Genesis of the Daleks: the Time Lords have intercepted the transmat beam and sent the Doctor, Harry and Sarah to Skaro to prevent the creation of the Daleks. It's a long story but fast paced, gripping and horrifying all the way through. Great script too, even though there are many many speeches they are all incredibly important and above all they are really engaging.

Revenge of the Cybermen: to round off the season, they are teleported back to the same space station as in "The Ark in Space" to get back to the TARDIS, but they are too early! Before the TARDIS arrives, the gang have to thwart the plans of Cybermen to blow up a planet full of gold (harmful to them) and inhabited by clones of Albus Dumbledore (it seems). I found th script to be fairly boring and all in all it only gets interesting towards end when the real finale begins. Very satisfying ending with everything falling into place nicely! ....also, the Doctor has received an emergency message from the Brigadier! Now with the TARDIS finally here, the Doctor, Harry and Sarah race back to earth for season 13 and a new UNIT story....



So, what have you seen? Who are your favourite actors to play the Doctor? What are your favourites aliens/monsters/villains?


----------



## Jeff W (Jan 20, 2014)

Patrick Troughton is my personal favorite. Seek out 'Tomb of the Cybermen' if you haven't yet watched it. I own every single complete (as in there are no missing episodes) story from 1963 all through Jon Pertwee's second season along with Tom Baker's first season and the 'Key to Time' season. The pain about the black and white era is all the missing (nearly 100 of them) episodes...

As far as villains, the Daleks are clearly the most iconic, but black and white era Cybermen are my favorite. Although Roger Delgado plays the best and most convincing Master, IMO.


----------



## Manxfeeder (Oct 19, 2010)

I was a fan of Tom Baker back in the day. We didn't hear much in the US from the Doctor until David Tennant, but he resurrected the franchise. I like the linear progression of his character, gradually emphasizing his loneliness. He's my favorite of the Doctors.

I got tired of the Matt Smith storyline; all that weird stuff that he was married to an older woman but didn't know it yet, and she was really the daughter of Amy Pond, who at first was Amy Pond's black childhood friend.

I need to start watching the Clara Oswald stories.

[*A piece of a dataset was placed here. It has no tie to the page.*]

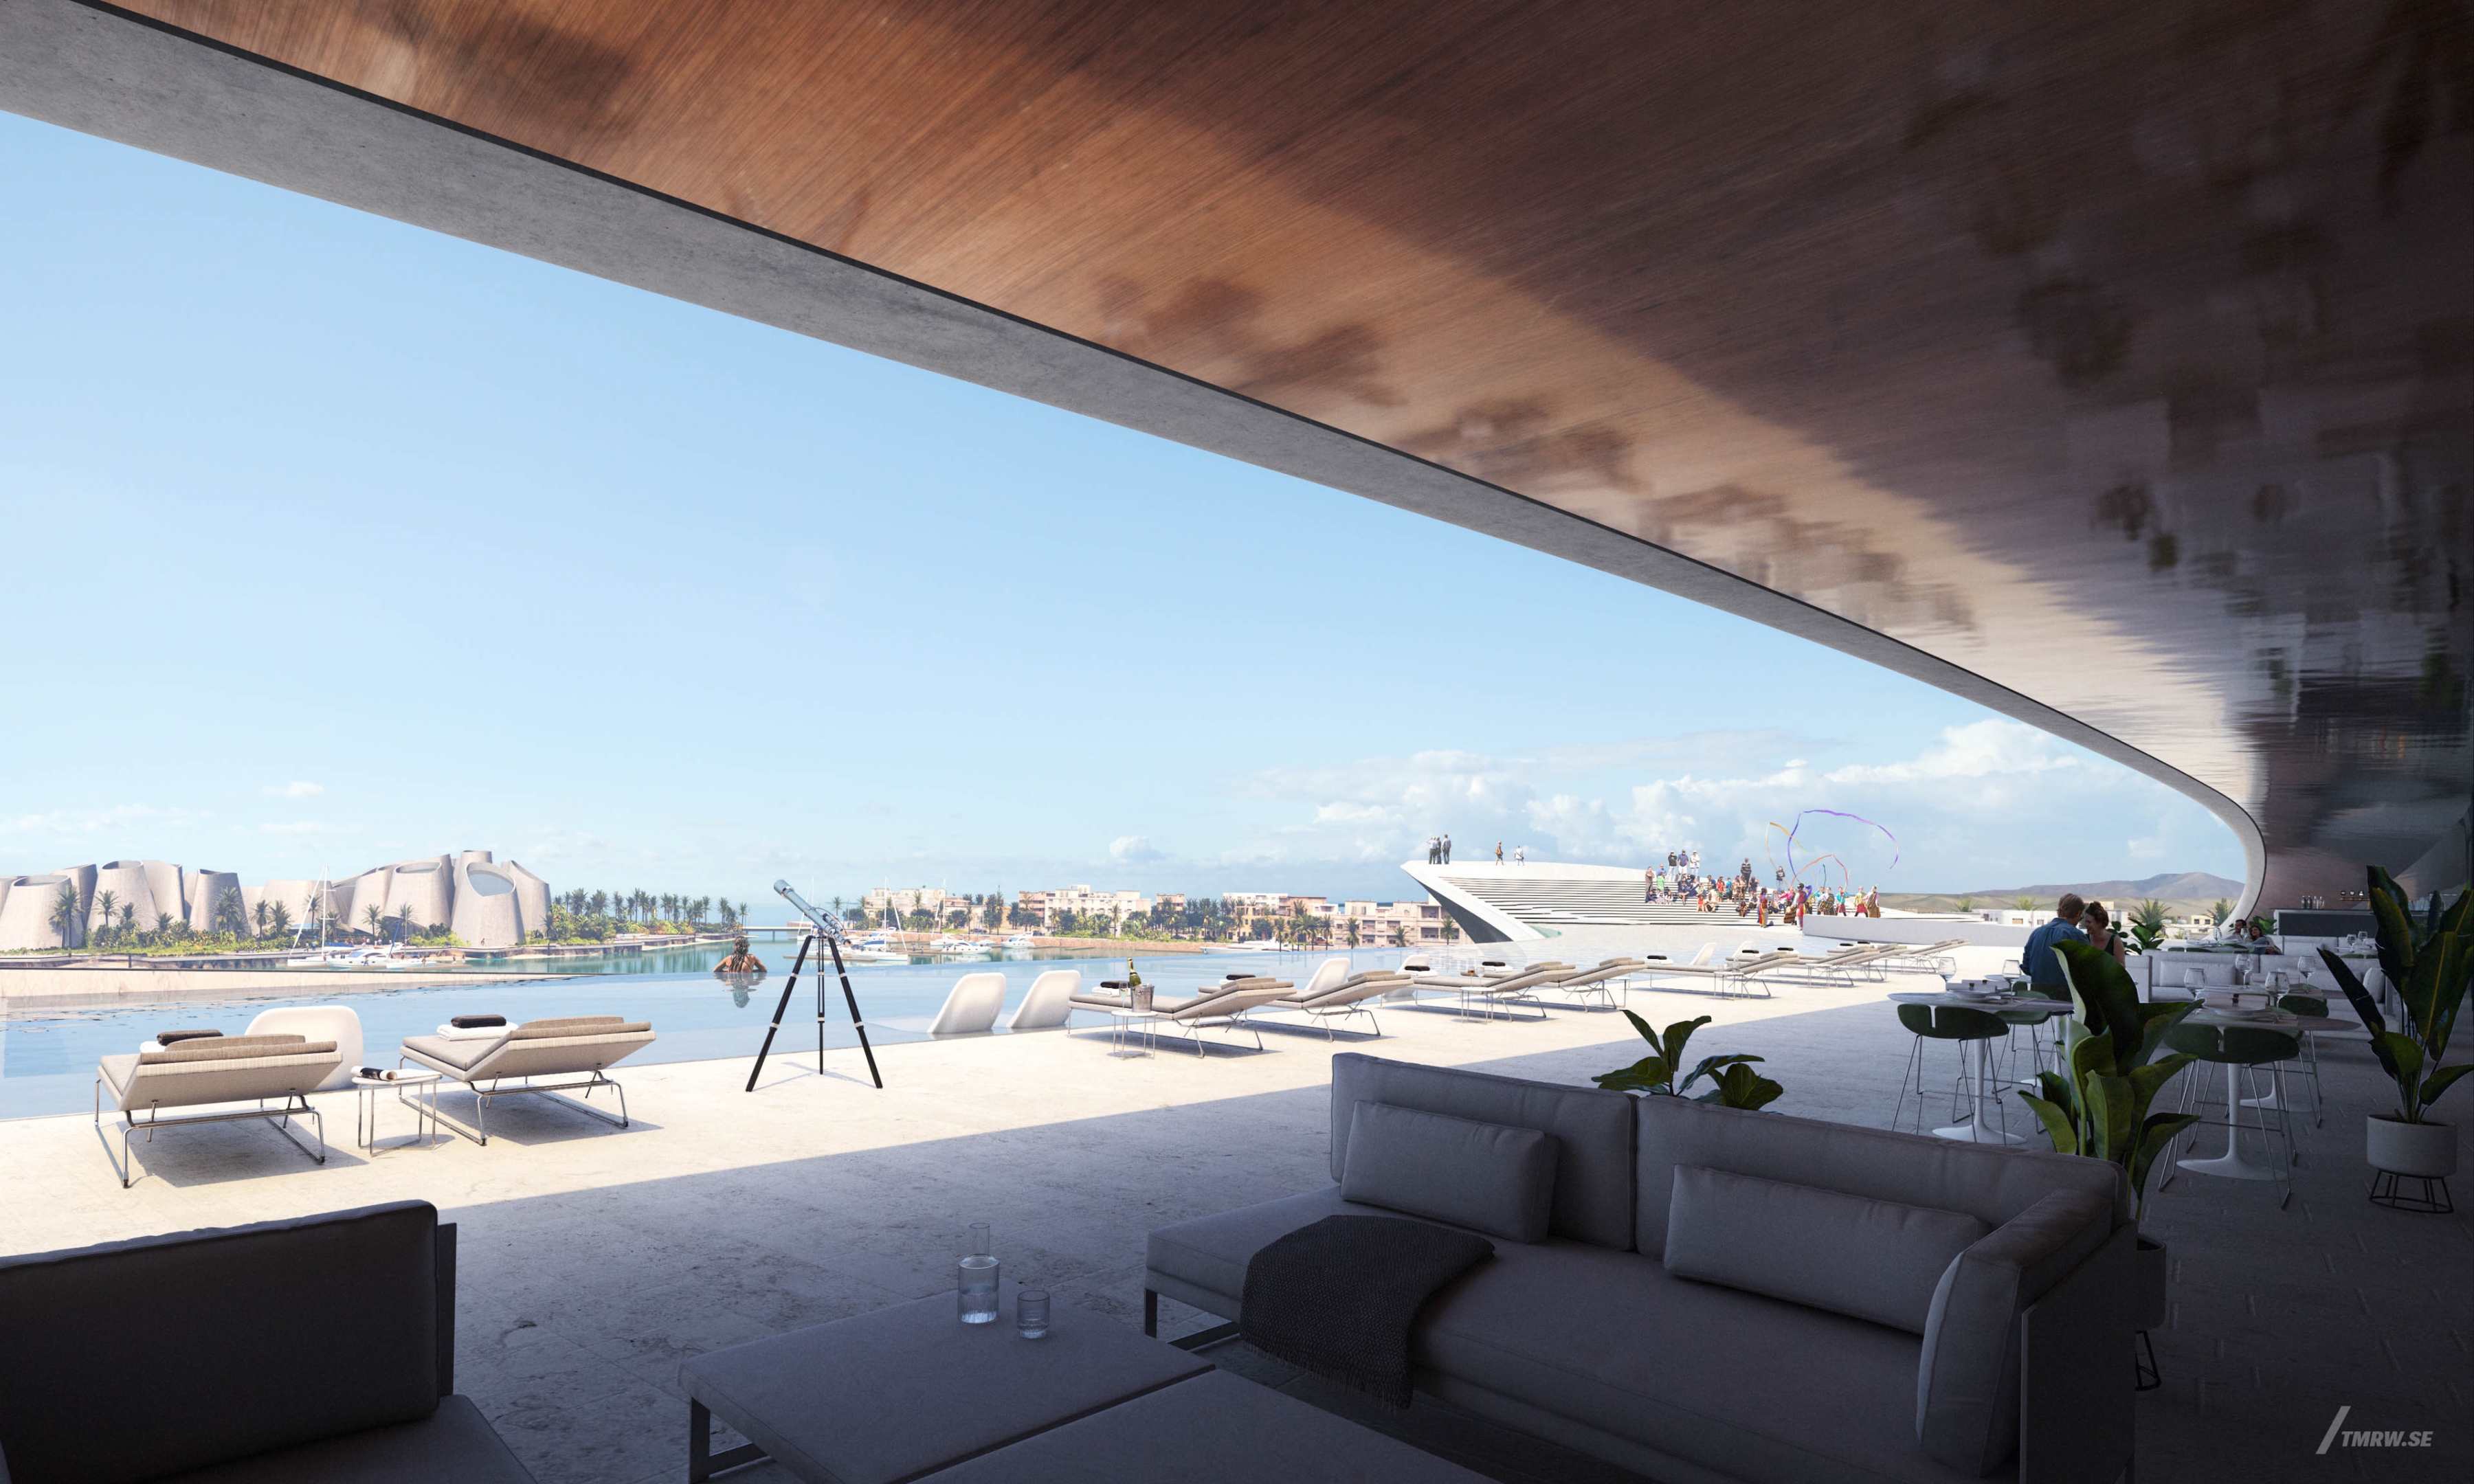 Architectural visualization of Red Sea Yacht Club for HKS/The Red Sea Developement Company. A image of the interoir of a resturant with seaview in daylight. From ground view.

I saw the first one, and I think it's an improvement.

I also saw the first one with Peter Capaldi. It was a terrible introduction. His series hasn't hit the US yet, and I'll probably try him out when it does, but I'm not very excited about this one.

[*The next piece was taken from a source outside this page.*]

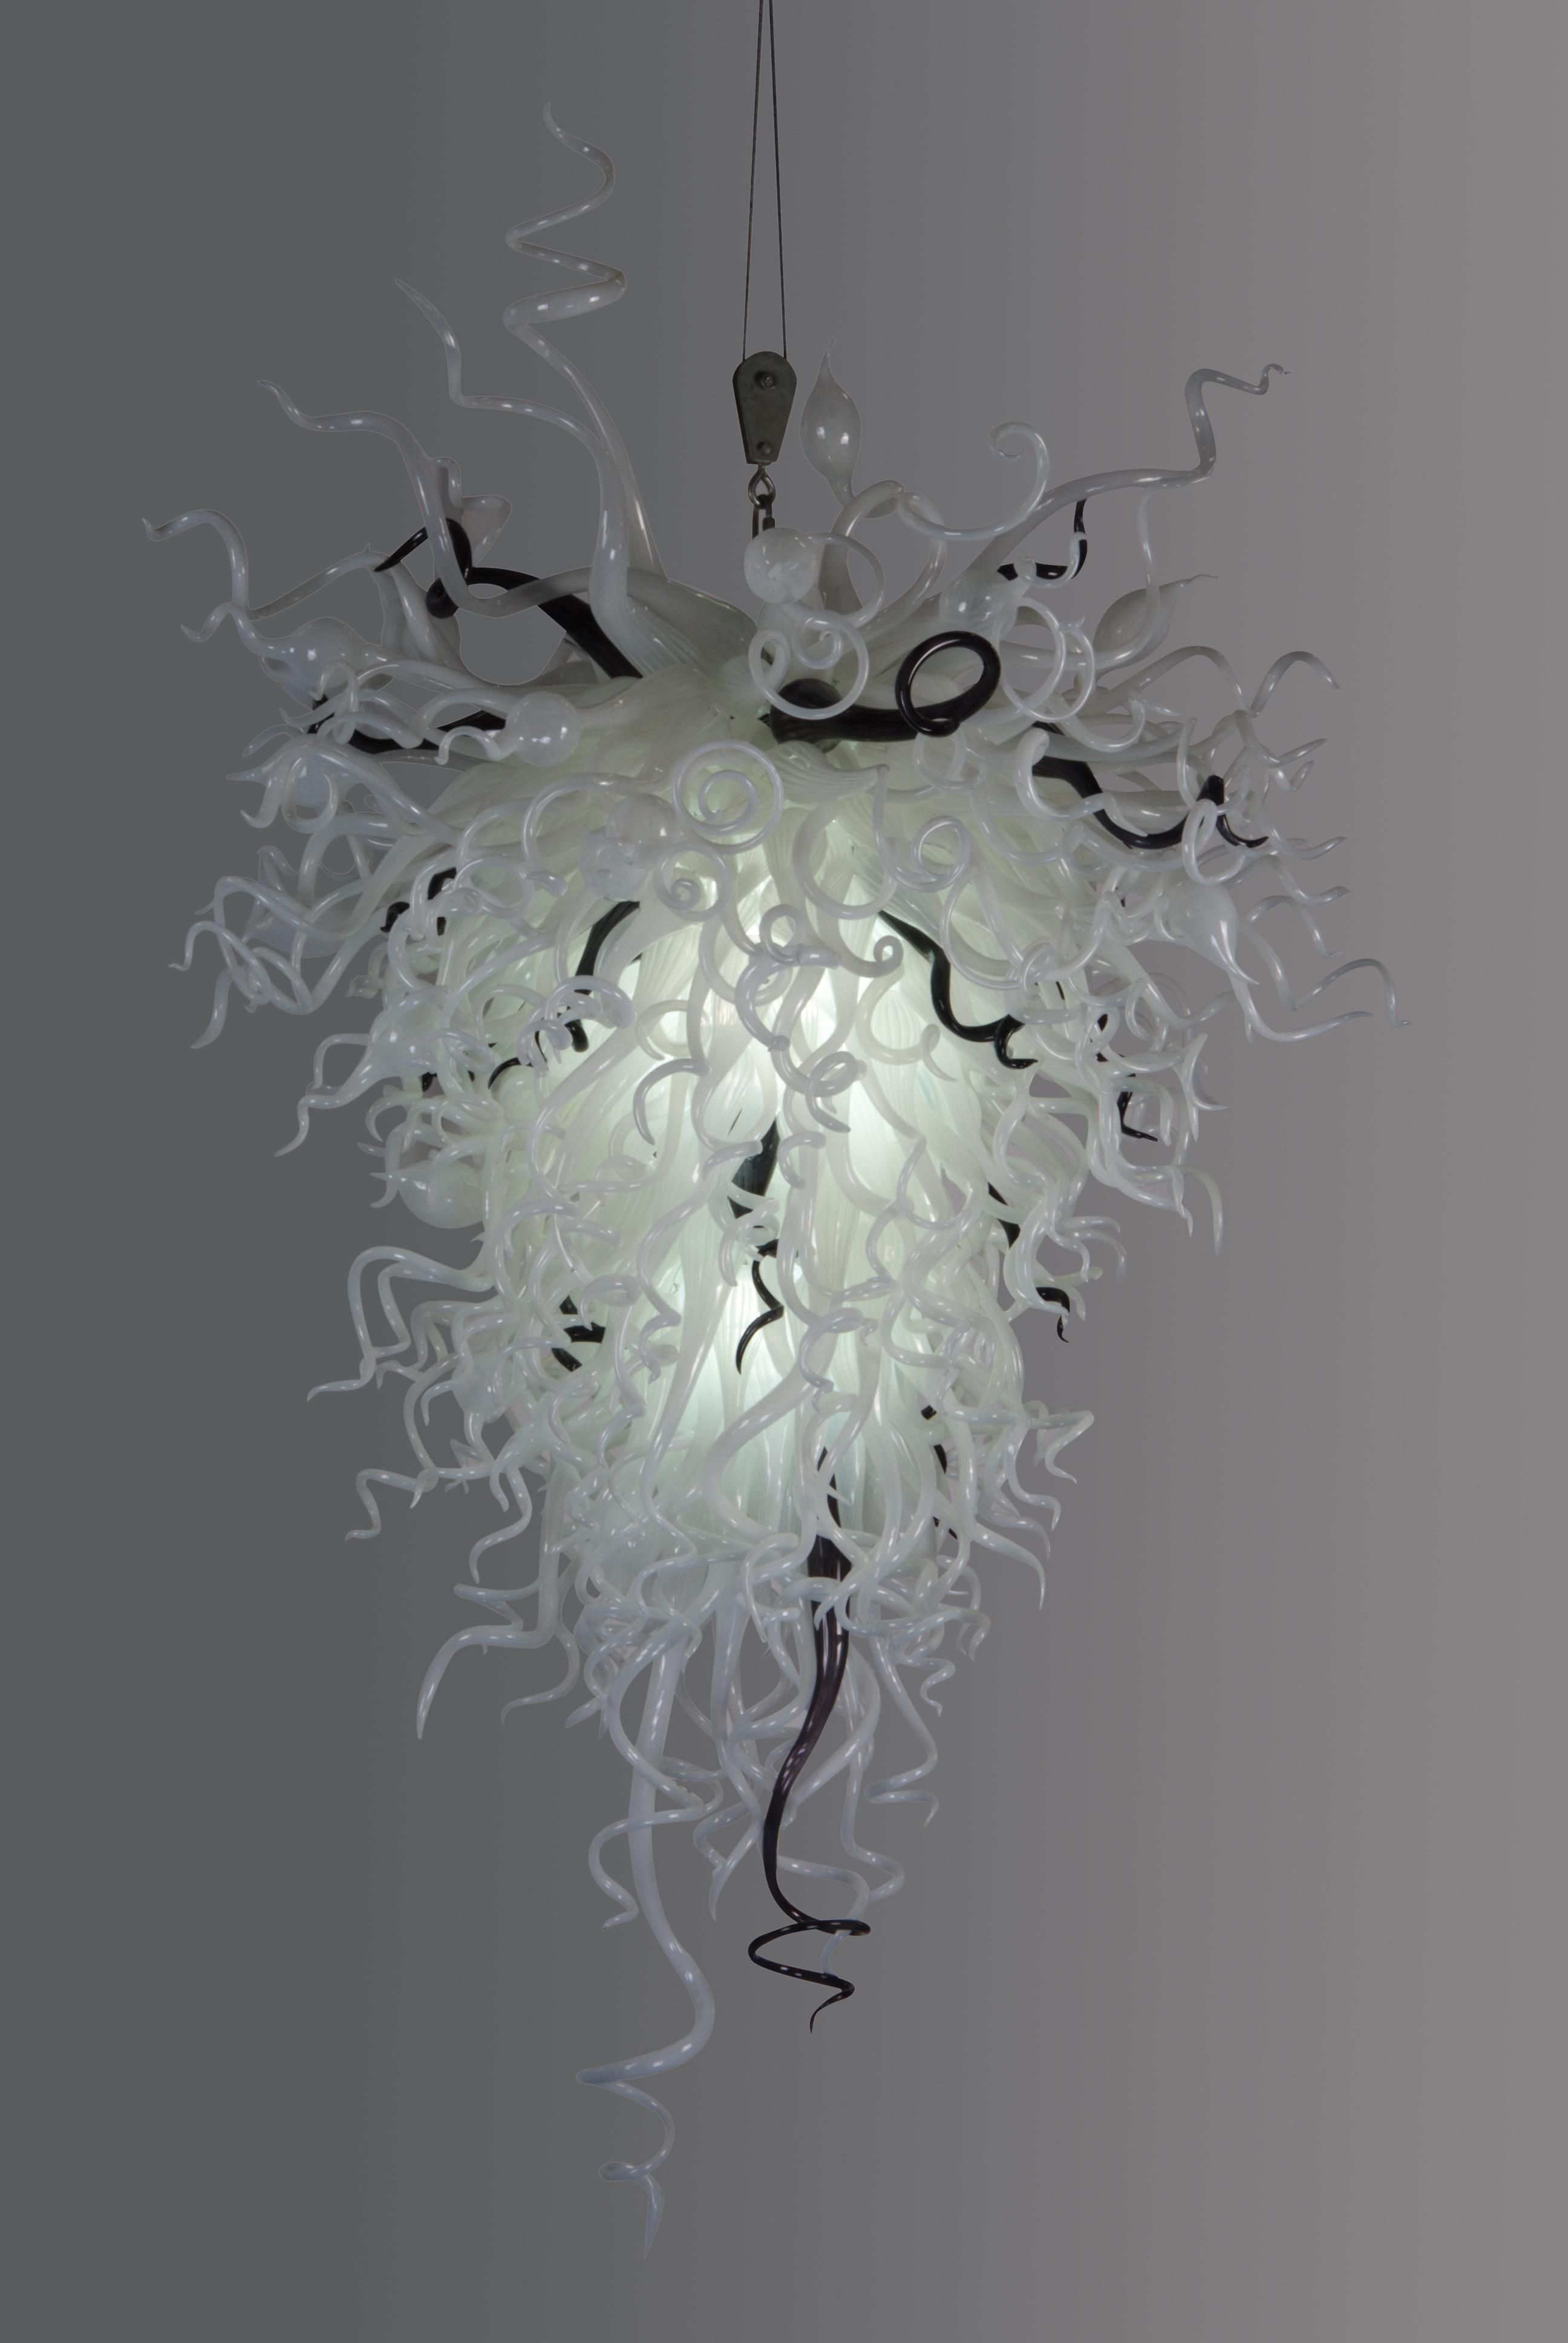 [%led Source 100% Hand Blown Borosilicate Glass Dale Chihuly Murano In Most Popular Black Glass Chandeliers|black Glass Chandeliers Pertaining To Current Led Source 100% Hand Blown Borosilicate Glass Dale Chihuly Murano|current Black Glass Chandeliers In Led Source 100% Hand Blown Borosilicate Glass Dale Chihuly Murano|fashionable Led Source 100% Hand Blown Borosilicate Glass Dale Chihuly Murano Intended For Black Glass Chandeliers%] (View 18 of 20)

I ran into the lead singer from a Doctor Who fan band in Nashville that calls themselves Legs Nose Robinson. They're actually pretty good.


----------



## Guest (Dec 7, 2014)

I've started watching the new series, starting with Season 1 and Christopher Eccleston as the Doctor, with his companion Rose. I am now a few episodes into season 2, with David Tennant. I wouldn't say it is a huge favorite with me, but I enjoy it well enough. I actually didn't mind Eccleston as the Doctor, still trying to decide what I thing about Tennant. I can watch them all for free through my Amazon Prime account. A friend of mine is a huge Doctor Who fan going back even further, and tells me I need to watch the older series. His favorite, I believe, is the Tom Baker era.


----------



## Badinerie (May 3, 2008)

As a lifetime watcher I can say that imho the best Doctor was Tom Baker.Who else could get away with saving the day with a Jelly Baby. Sylvester McCoy was Pants! David Tennant great! Obviously I'm biased as regards Peter Capaldi, but I think he's very promising in the roll.
One of my favourite Episodes is a Tom Baker one. City of Death(Paris of course). Wonderfull stuff.


----------



## Albert7 (Nov 16, 2014)

I am a huge fan of the 8th and latest doctor. I didn't finish watching the season with Capaldi with my family and have 4 episodes left but too busy encoding and getting ready for my new pizza job this week to catch up. Plus I still have 4 episodes of The Wire to finish up too.


----------



## Guest (Dec 7, 2014)

Our family were avid fans from the beginning, and yes, as a four-year-old when it started, I did sometimes have to watch from behind the sofa. The only 'monster' to give me nightmares were the Yeti (especially the Web of Fear adventure!) but the Cybermen were my favourites, along with the inhabitants of The Web Planet (the Zarbie and Menoptera). I liked Patrick Troughton the best and William Hartnell second.


----------



## elgar's ghost (Aug 8, 2010)

I liked the one-off film which featured Paul McGann in the role. Prior to this I never really watched it but I do remember a nasty piece of work called Shockeye, a cannibalistic cook as I recall. When the series was resurrected some years later it's a pity McGann didn't have the part instead of Christopher Ecclestone, as I was never really sold on the latter's persona - he came across more like a Northern English drug dealer at times. Both Tennant and Smith were really good but I'm not so happy about the new bloke.


----------



## Dave Whitmore (Oct 3, 2014)

How did I miss this thread???

I'm a huge Doctor Who fan, too. I've watched it since I was five. I started around the time Tom Baker became the Doctor. Although I have a sneaky feeling I may have seen some Jon Pertwee stories too. Naturally Tom Baker is my Doctor. I still remember hiding behind the sofa when the giant rat appeared on screen in the Talons of Weng Chiang episode.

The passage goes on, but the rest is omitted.